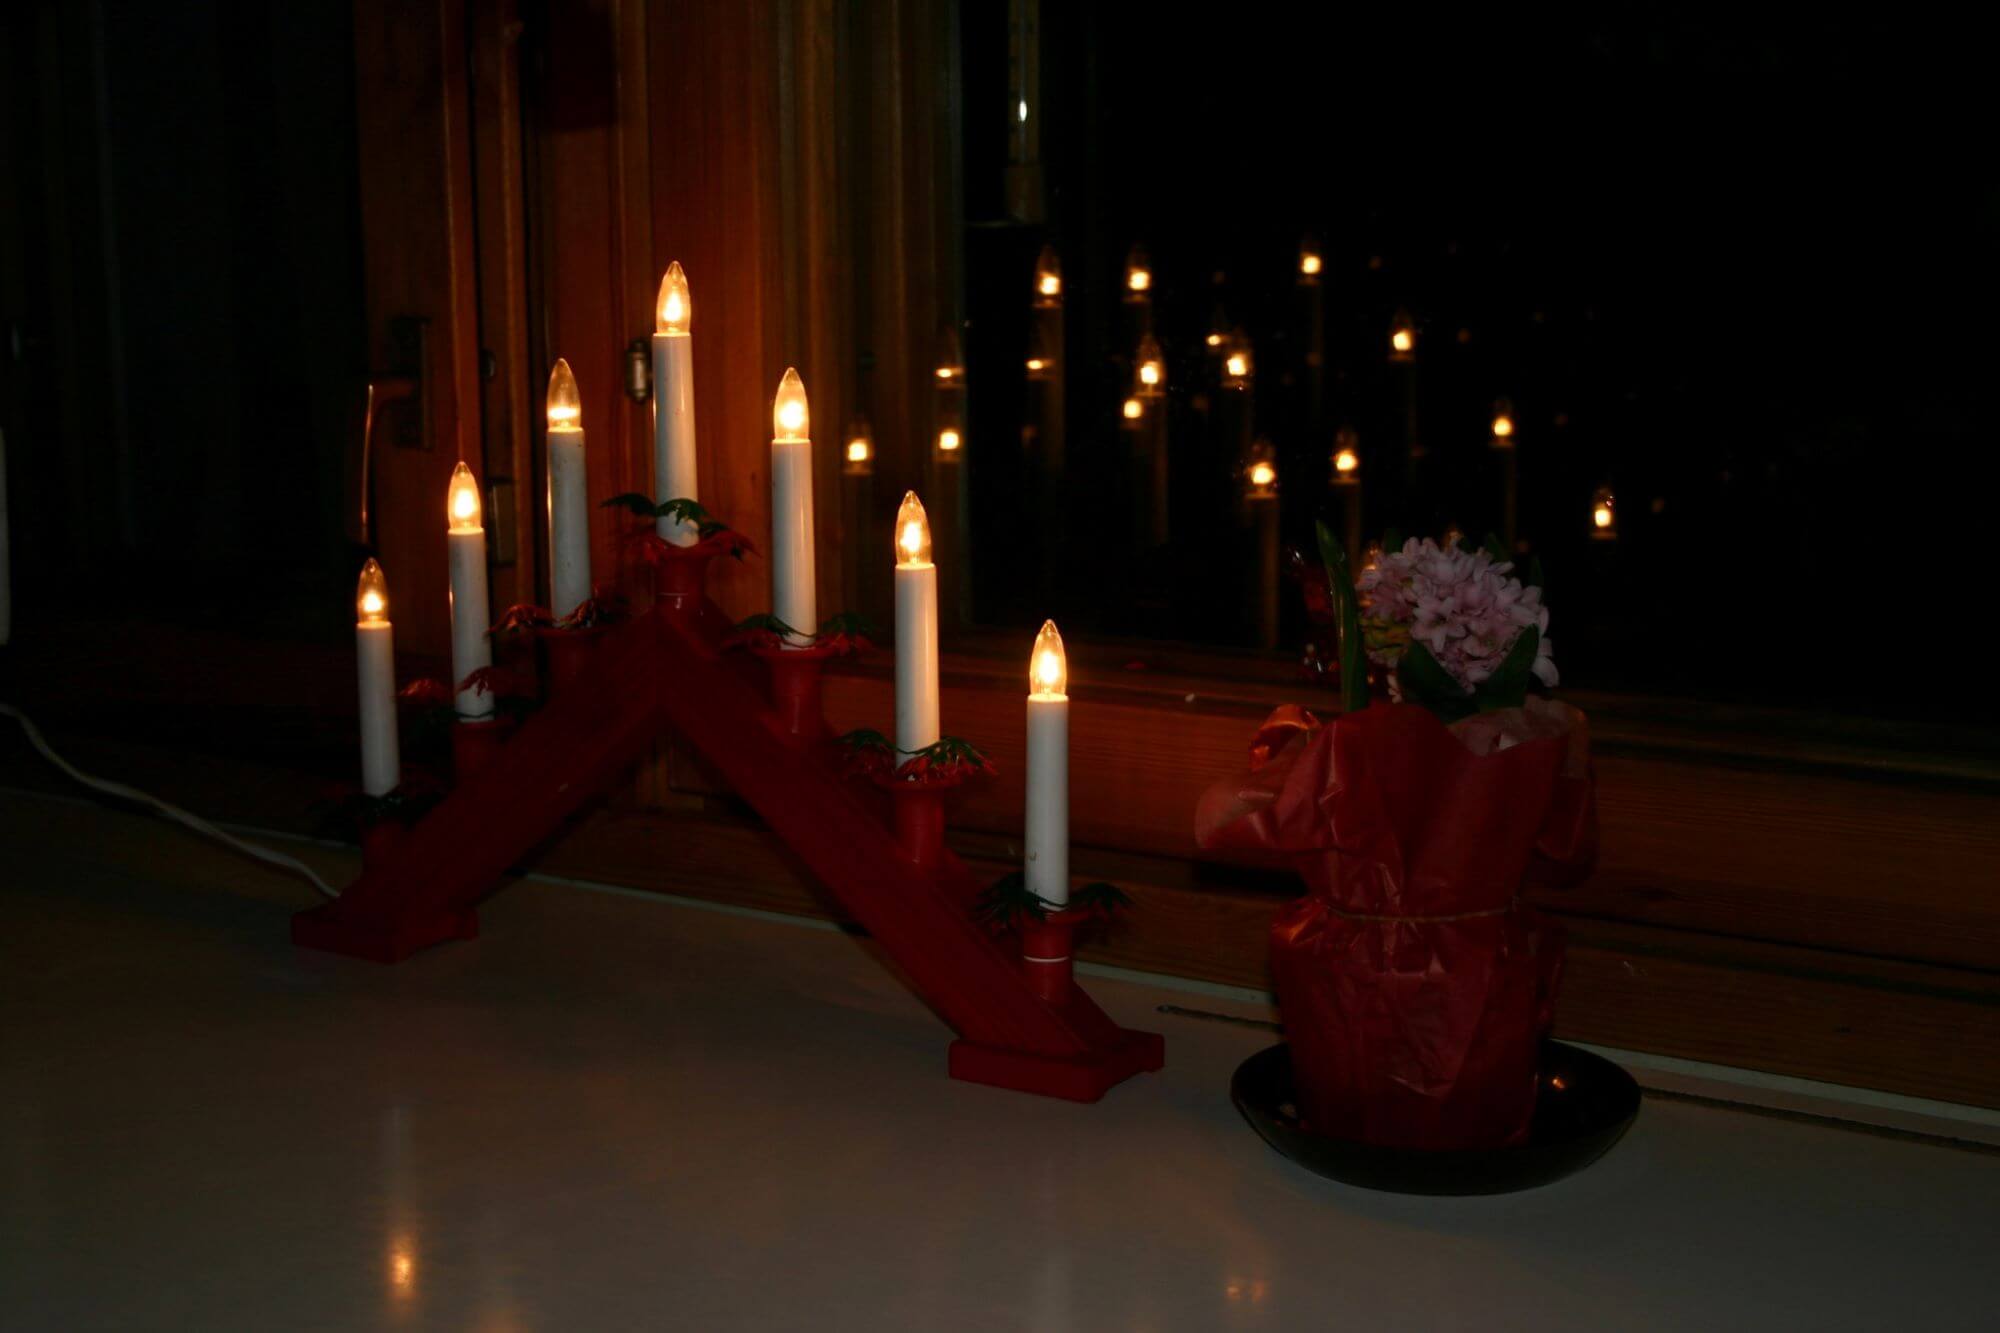 Świąteczna dekoracja okna, czyli drewniany świecznik w kolorze czerwonym postawiony na parapecie okna.
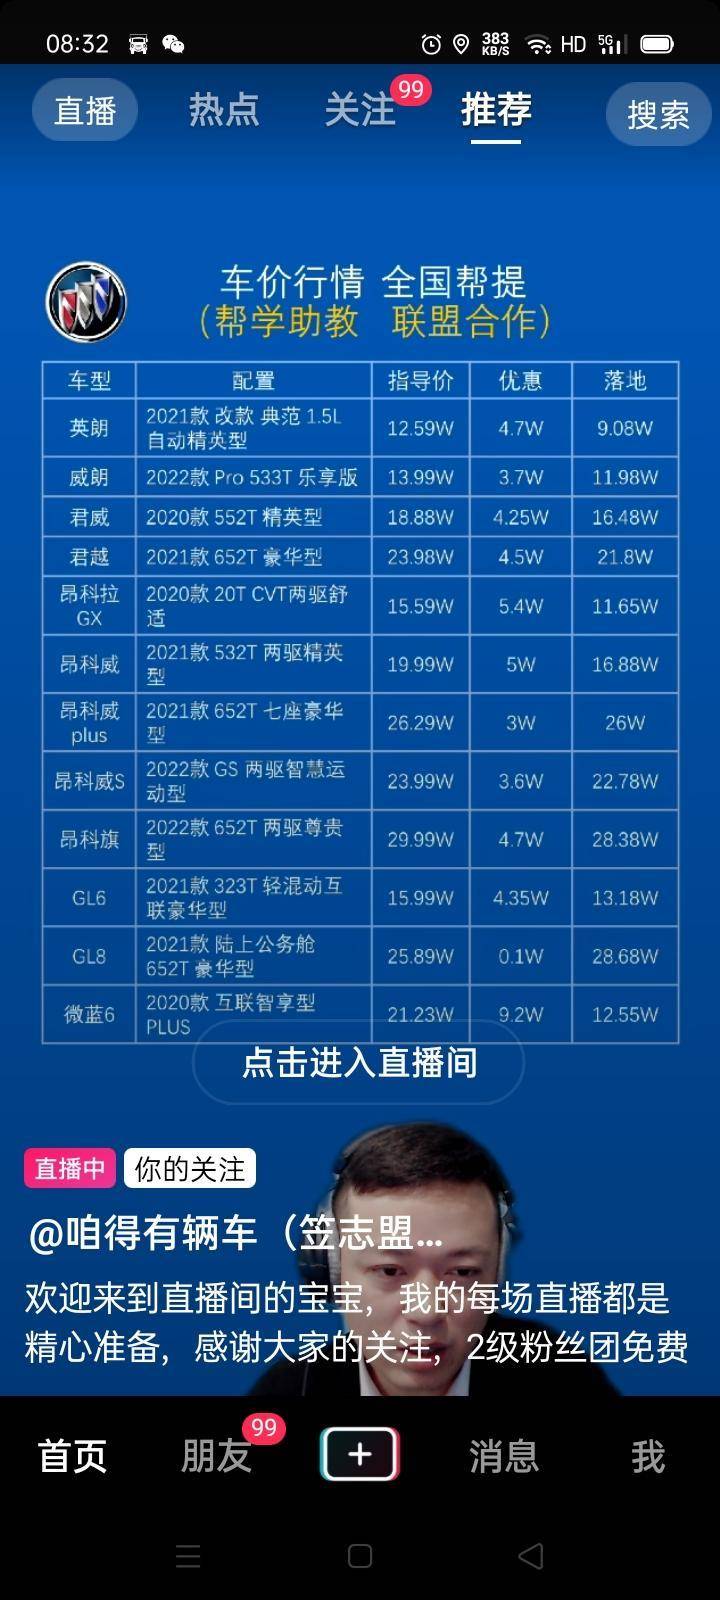 威朗 昨天山东潍坊鑫易卓汽车服务汽车直购超市打来电话12.3到12.4可以落地，没有服务费自己上牌120块搞定管不管入手。
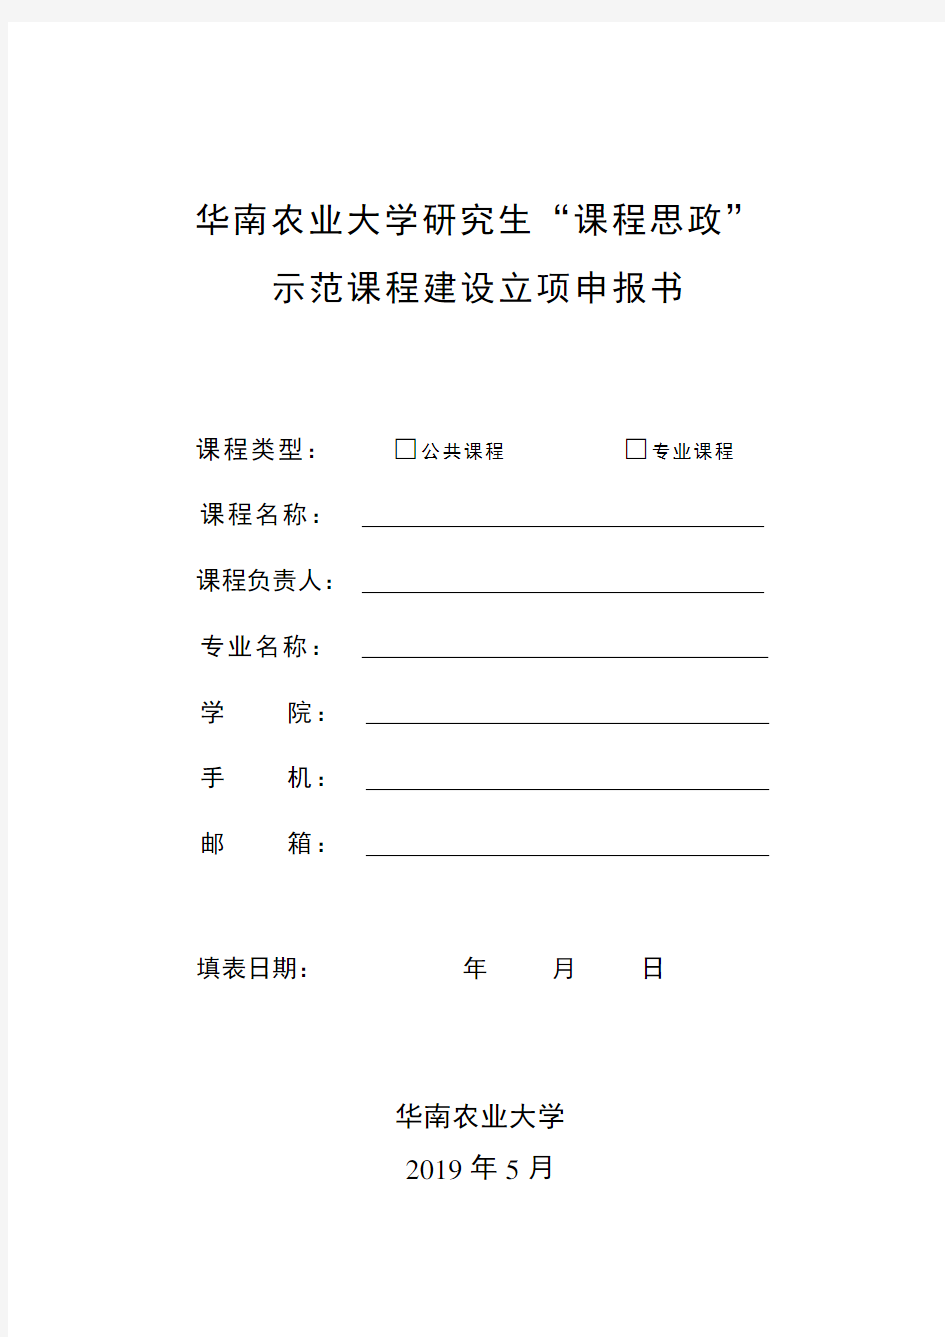 华南农业大学研究生课程思政示范课程建设立项申报书
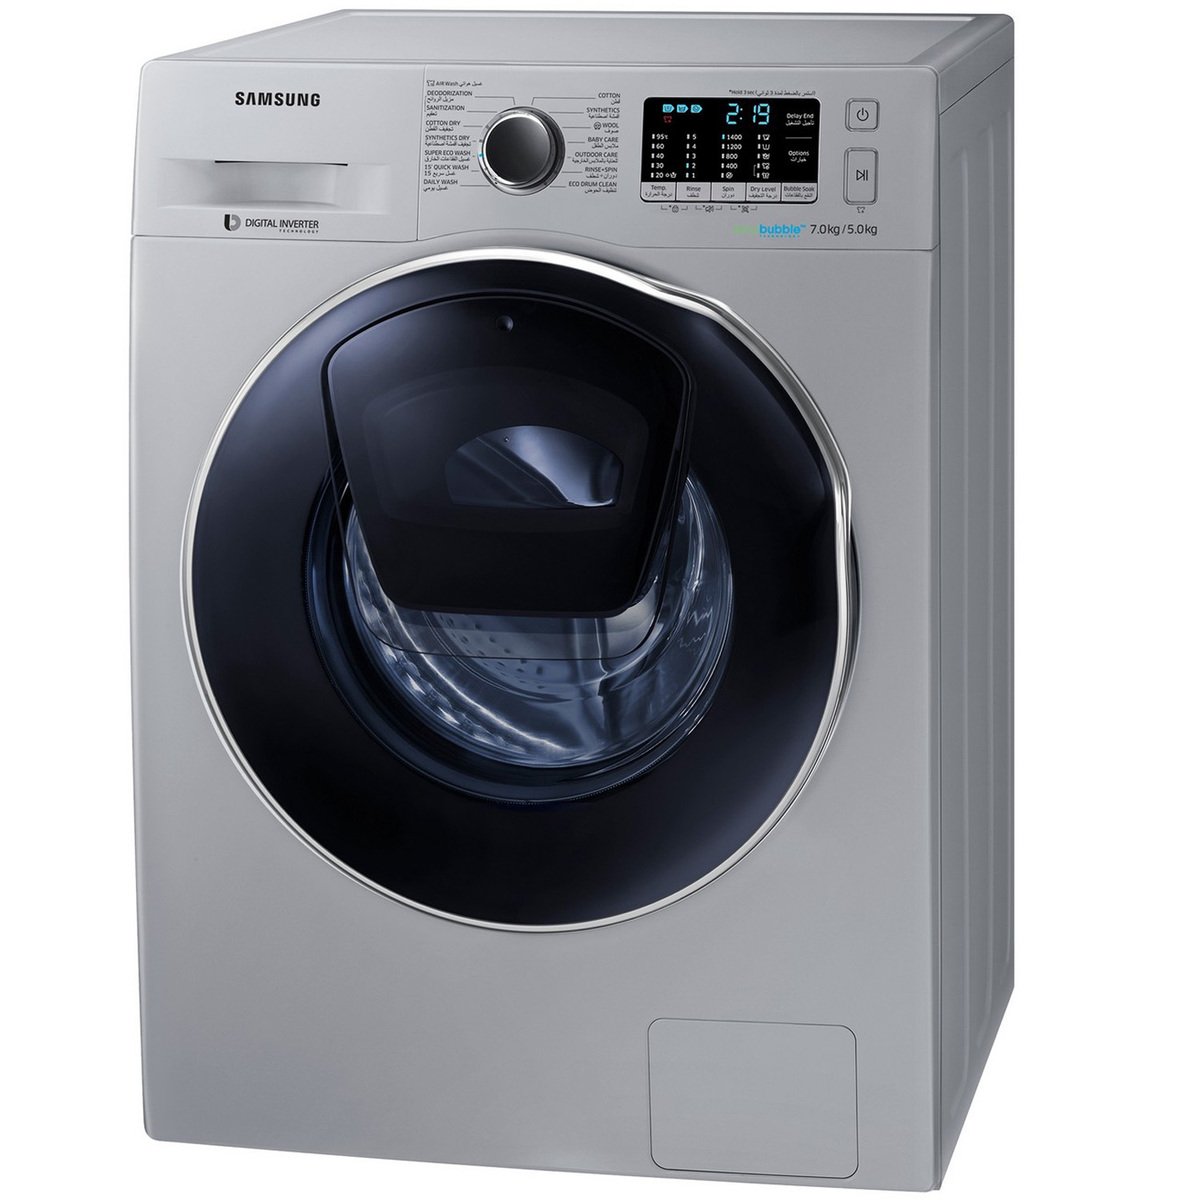 Samsung Front Load Washer & Dryer WD70K5410OS 7/5Kg
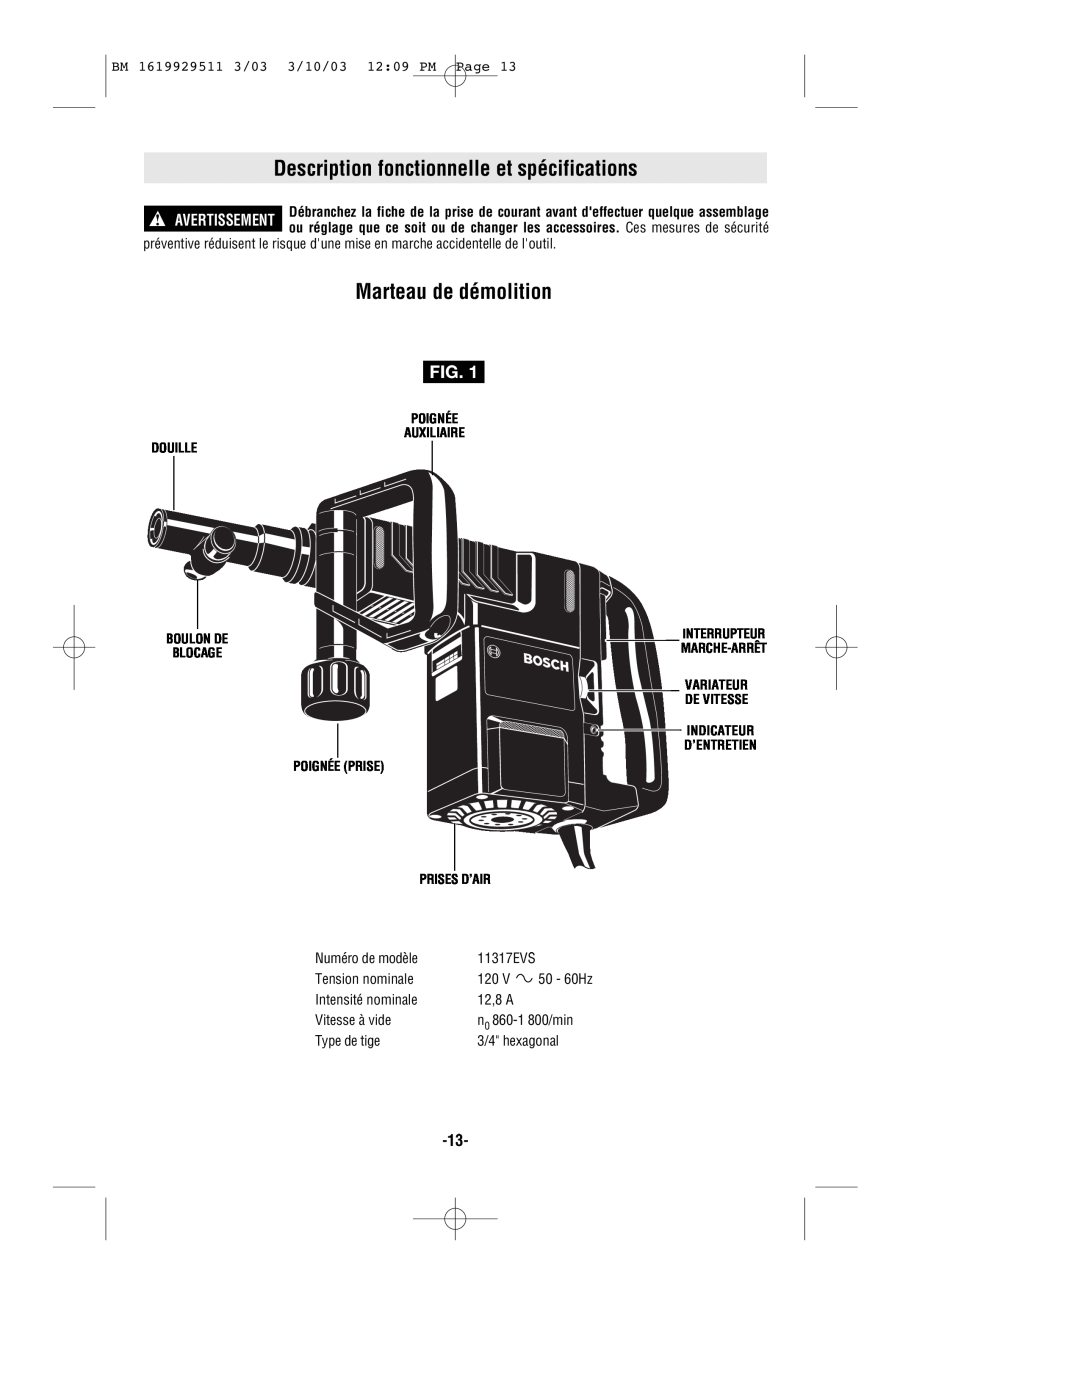 Bosch Power Tools 11317EVS manual Description fonctionnelle et spécifications, Marteau de démolition, Prises D’Air

--- BRIEF ---
Without including any picture, retype the entries exactly.

--- RESULT OF THE TASK ---
 Świąteczna dekoracja okna, czyli drewniany świecznik w kolorze czerwonym postawiony na parapecie okna.
 威朗 昨天山东潍坊鑫易卓汽车服务汽车直购超市打来电话12.3到12.4可以落地，没有服务费自己上牌120块搞定管不管入手。
 华南农业大学研究生课程思政示范课程建设立项申报书
 Samsung Front Load Washer & Dryer WD70K5410OS 7/5Kg
 Bosch Power Tools 11317EVS manual Description fonctionnelle et spécifications, Marteau de démolition, Prises D’Air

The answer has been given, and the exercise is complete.